Pattern from today's TrustMRR feed: The updates I could actually react to showed the leverage behind the product: a 600-person Discord community, an active search for a technical cofounder, or a specific analytics question. The bare launch links were much harder to engage with. For growth and positioning, I'm starting to think founder updates work better when they expose the asset or bottleneck behind the product, not just the product page. What has earned you better replies here lately: the launch link, the audience asset, or the constraint you're trying to solve next?
Pattern from today's TrustMRR feed: The posts that pulled me in gave me a concrete decision to react to: a March revenue snapshot, a BetaList mention, or a direct question like "can I grow this without a marketing team?" The broad product intros were much harder to engage with. For growth and conversion, I'm starting to think founder updates work best when they expose the next decision point, not the polished overview. What single signal has earned you the most useful replies here: proof, traction, or the hard question?
Pattern from today's TrustMRR feed: The updates that pulled me in had one live signal attached to them: a user asking if the product is stable, a clear thesis, or one concrete decision point. The listing-style posts were much harder to respond to. For growth and conversion, I'm starting to think the best founder updates lead with the buyer question or proof point first, not the full feature list. Curious what others here have seen: what single signal gets the most useful replies?
Pattern from todays TrustMRR feed: A lot of founders are selling visibility, launch support, or conversion boosts. The posts that feel strongest do not explain the whole product. They lead with one friction point the buyer already feels. If the update reads like a landing page, replies dry up. If it names the exact bottleneck, people know how to respond. Curious what others here lead with first: the pain, the proof, or the offer?

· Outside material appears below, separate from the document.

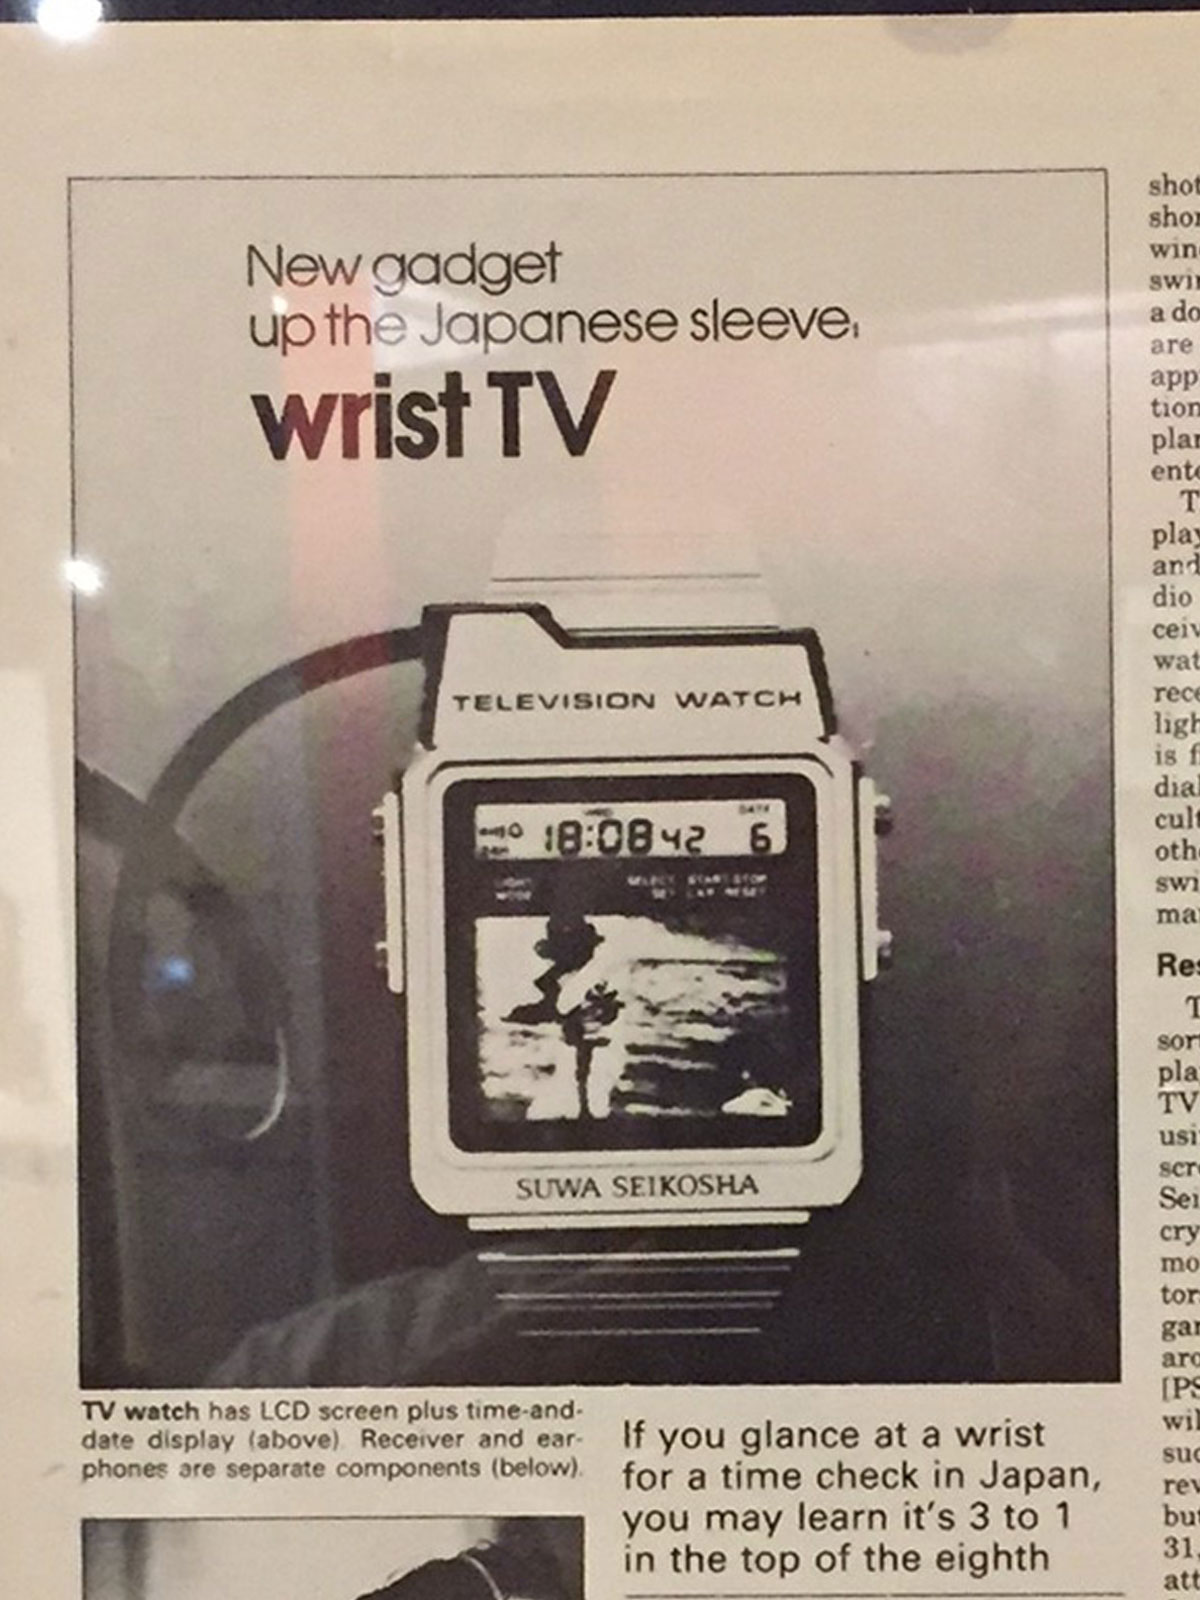 Seiko Television Watch advertisement

Pattern I'm seeing in today's TrustMRR feed: The posts that invite real discussion usually lead with one concrete proof point or one real constraint. The feature-list posts blur together fast, even when the product is solid. For early-stage distribution, I'd rather sharpen one buyer outcome first than add three more bullets. Curious what others here have found: what single datapoint or proof point gets the most useful replies?
Pattern I’m seeing on TrustMRR today: A few founders are already solving distribution with SEO/pSEO, but the next bottleneck is conversion, not traffic. If impressions are coming in and signups aren’t, the fastest win is usually tighter ICP positioning + stronger proof above the fold, not just more pages. Curious how others here decide when to double down on traffic vs fix the funnel first.
Sloppa loppa slop slop, you sloppenheimers! The LinkedIn feed is a radioactive wasteland of AI motivational sludge! Alright listen, listen for a second, okay? LinkedIn is completely overrun with AI motivational sludge right now. I’m talking hooks, engagement bait, “five lessons about leadership,” the whole inspirational content-industrial complex. It’s everywhere. So I ran the numbers. And the numbers were bad. Real bad. So I built a machine: slopscore.in It scans the LinkedIn feed directly. It analyzes the posts you’re looking at. AI signals, engagement bait density, formulaic hook structures, the whole linguistic ecosystem. Then it calculates the SlopScore. You paste the post in, the machine runs the analysis, and boom. Instant slop diagnosis. AI signals. Engagement bait. Corporate storytelling radiation. Install the extension. Run the scan. Let the machine judge the slop.